Content starts

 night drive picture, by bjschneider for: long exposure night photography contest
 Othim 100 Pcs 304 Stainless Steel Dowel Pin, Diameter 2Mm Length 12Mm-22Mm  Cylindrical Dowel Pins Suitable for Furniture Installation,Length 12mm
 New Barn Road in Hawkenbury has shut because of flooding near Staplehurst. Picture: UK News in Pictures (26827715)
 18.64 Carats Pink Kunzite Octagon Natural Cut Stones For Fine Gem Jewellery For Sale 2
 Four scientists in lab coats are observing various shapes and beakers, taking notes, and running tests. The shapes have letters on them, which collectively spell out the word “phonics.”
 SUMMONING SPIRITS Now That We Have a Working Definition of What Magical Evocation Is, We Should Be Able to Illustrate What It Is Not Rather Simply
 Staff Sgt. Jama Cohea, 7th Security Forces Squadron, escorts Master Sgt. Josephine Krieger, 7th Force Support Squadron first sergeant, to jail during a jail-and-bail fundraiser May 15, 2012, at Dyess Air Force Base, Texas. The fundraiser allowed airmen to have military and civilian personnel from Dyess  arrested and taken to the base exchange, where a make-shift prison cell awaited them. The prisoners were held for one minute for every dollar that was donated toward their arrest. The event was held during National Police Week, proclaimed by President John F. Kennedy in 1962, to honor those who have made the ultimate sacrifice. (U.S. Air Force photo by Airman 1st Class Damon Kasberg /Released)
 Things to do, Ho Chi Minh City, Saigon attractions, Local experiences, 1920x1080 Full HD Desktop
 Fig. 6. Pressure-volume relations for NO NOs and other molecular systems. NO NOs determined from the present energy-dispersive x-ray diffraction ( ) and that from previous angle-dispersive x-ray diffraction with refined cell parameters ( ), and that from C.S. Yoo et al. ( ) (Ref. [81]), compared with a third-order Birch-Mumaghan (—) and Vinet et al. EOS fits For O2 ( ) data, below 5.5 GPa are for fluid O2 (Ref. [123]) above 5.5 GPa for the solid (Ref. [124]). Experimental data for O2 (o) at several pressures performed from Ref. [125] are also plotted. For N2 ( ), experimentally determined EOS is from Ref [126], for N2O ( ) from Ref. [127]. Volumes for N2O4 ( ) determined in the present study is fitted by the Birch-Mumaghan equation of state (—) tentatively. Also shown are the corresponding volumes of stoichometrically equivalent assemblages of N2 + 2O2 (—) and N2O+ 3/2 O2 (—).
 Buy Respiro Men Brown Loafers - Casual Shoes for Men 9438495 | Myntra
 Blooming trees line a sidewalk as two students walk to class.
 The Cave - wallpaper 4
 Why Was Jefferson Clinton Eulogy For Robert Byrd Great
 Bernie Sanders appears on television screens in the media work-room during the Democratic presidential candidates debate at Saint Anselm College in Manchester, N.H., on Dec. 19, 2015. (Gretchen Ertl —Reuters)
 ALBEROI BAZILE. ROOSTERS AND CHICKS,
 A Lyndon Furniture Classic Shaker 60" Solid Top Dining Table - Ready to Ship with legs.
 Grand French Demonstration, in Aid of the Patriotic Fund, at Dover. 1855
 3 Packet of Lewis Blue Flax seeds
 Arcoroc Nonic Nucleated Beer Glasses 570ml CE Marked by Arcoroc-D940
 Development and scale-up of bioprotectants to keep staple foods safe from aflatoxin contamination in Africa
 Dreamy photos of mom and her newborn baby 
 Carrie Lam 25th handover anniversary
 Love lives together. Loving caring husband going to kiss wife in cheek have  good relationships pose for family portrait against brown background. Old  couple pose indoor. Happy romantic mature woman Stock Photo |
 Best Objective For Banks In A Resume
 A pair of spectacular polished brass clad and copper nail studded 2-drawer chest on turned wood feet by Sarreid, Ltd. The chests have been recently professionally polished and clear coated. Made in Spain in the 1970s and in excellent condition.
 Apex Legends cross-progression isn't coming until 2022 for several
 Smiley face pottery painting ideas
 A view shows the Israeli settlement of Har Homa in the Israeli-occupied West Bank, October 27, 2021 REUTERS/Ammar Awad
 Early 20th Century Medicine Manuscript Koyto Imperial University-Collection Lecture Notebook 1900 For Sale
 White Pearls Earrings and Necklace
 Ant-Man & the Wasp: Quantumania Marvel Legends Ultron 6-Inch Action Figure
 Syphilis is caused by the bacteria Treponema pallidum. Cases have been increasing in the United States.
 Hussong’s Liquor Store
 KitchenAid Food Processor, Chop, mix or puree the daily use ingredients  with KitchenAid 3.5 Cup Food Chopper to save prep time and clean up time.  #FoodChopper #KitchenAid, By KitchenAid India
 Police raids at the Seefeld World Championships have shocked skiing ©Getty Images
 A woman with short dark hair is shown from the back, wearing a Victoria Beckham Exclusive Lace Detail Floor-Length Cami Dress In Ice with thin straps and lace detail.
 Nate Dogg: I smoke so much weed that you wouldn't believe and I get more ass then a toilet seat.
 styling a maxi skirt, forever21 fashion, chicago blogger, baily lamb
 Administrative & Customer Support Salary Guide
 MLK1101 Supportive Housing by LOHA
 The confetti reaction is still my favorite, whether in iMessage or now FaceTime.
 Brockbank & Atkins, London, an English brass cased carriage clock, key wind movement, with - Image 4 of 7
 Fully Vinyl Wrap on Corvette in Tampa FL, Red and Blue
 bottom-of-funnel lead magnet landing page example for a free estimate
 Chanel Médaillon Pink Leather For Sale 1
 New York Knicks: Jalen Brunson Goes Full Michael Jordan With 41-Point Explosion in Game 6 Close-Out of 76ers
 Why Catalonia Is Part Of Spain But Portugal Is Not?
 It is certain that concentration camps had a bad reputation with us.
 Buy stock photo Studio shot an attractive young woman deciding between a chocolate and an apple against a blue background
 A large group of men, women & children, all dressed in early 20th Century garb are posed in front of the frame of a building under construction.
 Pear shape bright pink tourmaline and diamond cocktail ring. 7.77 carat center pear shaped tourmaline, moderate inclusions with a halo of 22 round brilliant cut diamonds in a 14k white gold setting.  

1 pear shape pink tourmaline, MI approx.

Content ends

- TASK TO CARRY OUT -
Could the data above be returned exactly as it stands?

- SOLUTION TO THE EXERCISE -
 night drive picture, by bjschneider for: long exposure night photography contest
 Othim 100 Pcs 304 Stainless Steel Dowel Pin, Diameter 2Mm Length 12Mm-22Mm  Cylindrical Dowel Pins Suitable for Furniture Installation,Length 12mm
 New Barn Road in Hawkenbury has shut because of flooding near Staplehurst. Picture: UK News in Pictures (26827715)
 18.64 Carats Pink Kunzite Octagon Natural Cut Stones For Fine Gem Jewellery For Sale 2
 Four scientists in lab coats are observing various shapes and beakers, taking notes, and running tests. The shapes have letters on them, which collectively spell out the word “phonics.”
 SUMMONING SPIRITS Now That We Have a Working Definition of What Magical Evocation Is, We Should Be Able to Illustrate What It Is Not Rather Simply
 Staff Sgt. Jama Cohea, 7th Security Forces Squadron, escorts Master Sgt. Josephine Krieger, 7th Force Support Squadron first sergeant, to jail during a jail-and-bail fundraiser May 15, 2012, at Dyess Air Force Base, Texas. The fundraiser allowed airmen to have military and civilian personnel from Dyess  arrested and taken to the base exchange, where a make-shift prison cell awaited them. The prisoners were held for one minute for every dollar that was donated toward their arrest. The event was held during National Police Week, proclaimed by President John F. Kennedy in 1962, to honor those who have made the ultimate sacrifice. (U.S. Air Force photo by Airman 1st Class Damon Kasberg /Released)
 Things to do, Ho Chi Minh City, Saigon attractions, Local experiences, 1920x1080 Full HD Desktop
 Fig. 6. Pressure-volume relations for NO NOs and other molecular systems. NO NOs determined from the present energy-dispersive x-ray diffraction ( ) and that from previous angle-dispersive x-ray diffraction with refined cell parameters ( ), and that from C.S. Yoo et al. ( ) (Ref. [81]), compared with a third-order Birch-Mumaghan (—) and Vinet et al. EOS fits For O2 ( ) data, below 5.5 GPa are for fluid O2 (Ref. [123]) above 5.5 GPa for the solid (Ref. [124]). Experimental data for O2 (o) at several pressures performed from Ref. [125] are also plotted. For N2 ( ), experimentally determined EOS is from Ref [126], for N2O ( ) from Ref. [127]. Volumes for N2O4 ( ) determined in the present study is fitted by the Birch-Mumaghan equation of state (—) tentatively. Also shown are the corresponding volumes of stoichometrically equivalent assemblages of N2 + 2O2 (—) and N2O+ 3/2 O2 (—).
 Buy Respiro Men Brown Loafers - Casual Shoes for Men 9438495 | Myntra
 Blooming trees line a sidewalk as two students walk to class.
 The Cave - wallpaper 4
 Why Was Jefferson Clinton Eulogy For Robert Byrd Great
 Bernie Sanders appears on television screens in the media work-room during the Democratic presidential candidates debate at Saint Anselm College in Manchester, N.H., on Dec. 19, 2015. (Gretchen Ertl —Reuters)
 ALBEROI BAZILE. ROOSTERS AND CHICKS,
 A Lyndon Furniture Classic Shaker 60" Solid Top Dining Table - Ready to Ship with legs.
 Grand French Demonstration, in Aid of the Patriotic Fund, at Dover. 1855
 3 Packet of Lewis Blue Flax seeds
 Arcoroc Nonic Nucleated Beer Glasses 570ml CE Marked by Arcoroc-D940
 Development and scale-up of bioprotectants to keep staple foods safe from aflatoxin contamination in Africa
 Dreamy photos of mom and her newborn baby 
 Carrie Lam 25th handover anniversary
 Love lives together. Loving caring husband going to kiss wife in cheek have  good relationships pose for family portrait against brown background. Old  couple pose indoor. Happy romantic mature woman Stock Photo |
 Best Objective For Banks In A Resume
 A pair of spectacular polished brass clad and copper nail studded 2-drawer chest on turned wood feet by Sarreid, Ltd. The chests have been recently professionally polished and clear coated. Made in Spain in the 1970s and in excellent condition.
 Apex Legends cross-progression isn't coming until 2022 for several
 Smiley face pottery painting ideas
 A view shows the Israeli settlement of Har Homa in the Israeli-occupied West Bank, October 27, 2021 REUTERS/Ammar Awad
 Early 20th Century Medicine Manuscript Koyto Imperial University-Collection Lecture Notebook 1900 For Sale
 White Pearls Earrings and Necklace
 Ant-Man & the Wasp: Quantumania Marvel Legends Ultron 6-Inch Action Figure
 Syphilis is caused by the bacteria Treponema pallidum. Cases have been increasing in the United States.
 Hussong’s Liquor Store
 KitchenAid Food Processor, Chop, mix or puree the daily use ingredients  with KitchenAid 3.5 Cup Food Chopper to save prep time and clean up time.  #FoodChopper #KitchenAid, By KitchenAid India
 Police raids at the Seefeld World Championships have shocked skiing ©Getty Images
 A woman with short dark hair is shown from the back, wearing a Victoria Beckham Exclusive Lace Detail Floor-Length Cami Dress In Ice with thin straps and lace detail.
 Nate Dogg: I smoke so much weed that you wouldn't believe and I get more ass then a toilet seat.
 styling a maxi skirt, forever21 fashion, chicago blogger, baily lamb
 Administrative & Customer Support Salary Guide
 MLK1101 Supportive Housing by LOHA
 The confetti reaction is still my favorite, whether in iMessage or now FaceTime.
 Brockbank & Atkins, London, an English brass cased carriage clock, key wind movement, with - Image 4 of 7
 Fully Vinyl Wrap on Corvette in Tampa FL, Red and Blue
 bottom-of-funnel lead magnet landing page example for a free estimate
 Chanel Médaillon Pink Leather For Sale 1
 New York Knicks: Jalen Brunson Goes Full Michael Jordan With 41-Point Explosion in Game 6 Close-Out of 76ers
 Why Catalonia Is Part Of Spain But Portugal Is Not?
 It is certain that concentration camps had a bad reputation with us.
 Buy stock photo Studio shot an attractive young woman deciding between a chocolate and an apple against a blue background
 A large group of men, women & children, all dressed in early 20th Century garb are posed in front of the frame of a building under construction.
 Pear shape bright pink tourmaline and diamond cocktail ring. 7.77 carat center pear shaped tourmaline, moderate inclusions with a halo of 22 round brilliant cut diamonds in a 14k white gold setting.  

1 pear shape pink tourmaline, MI approx.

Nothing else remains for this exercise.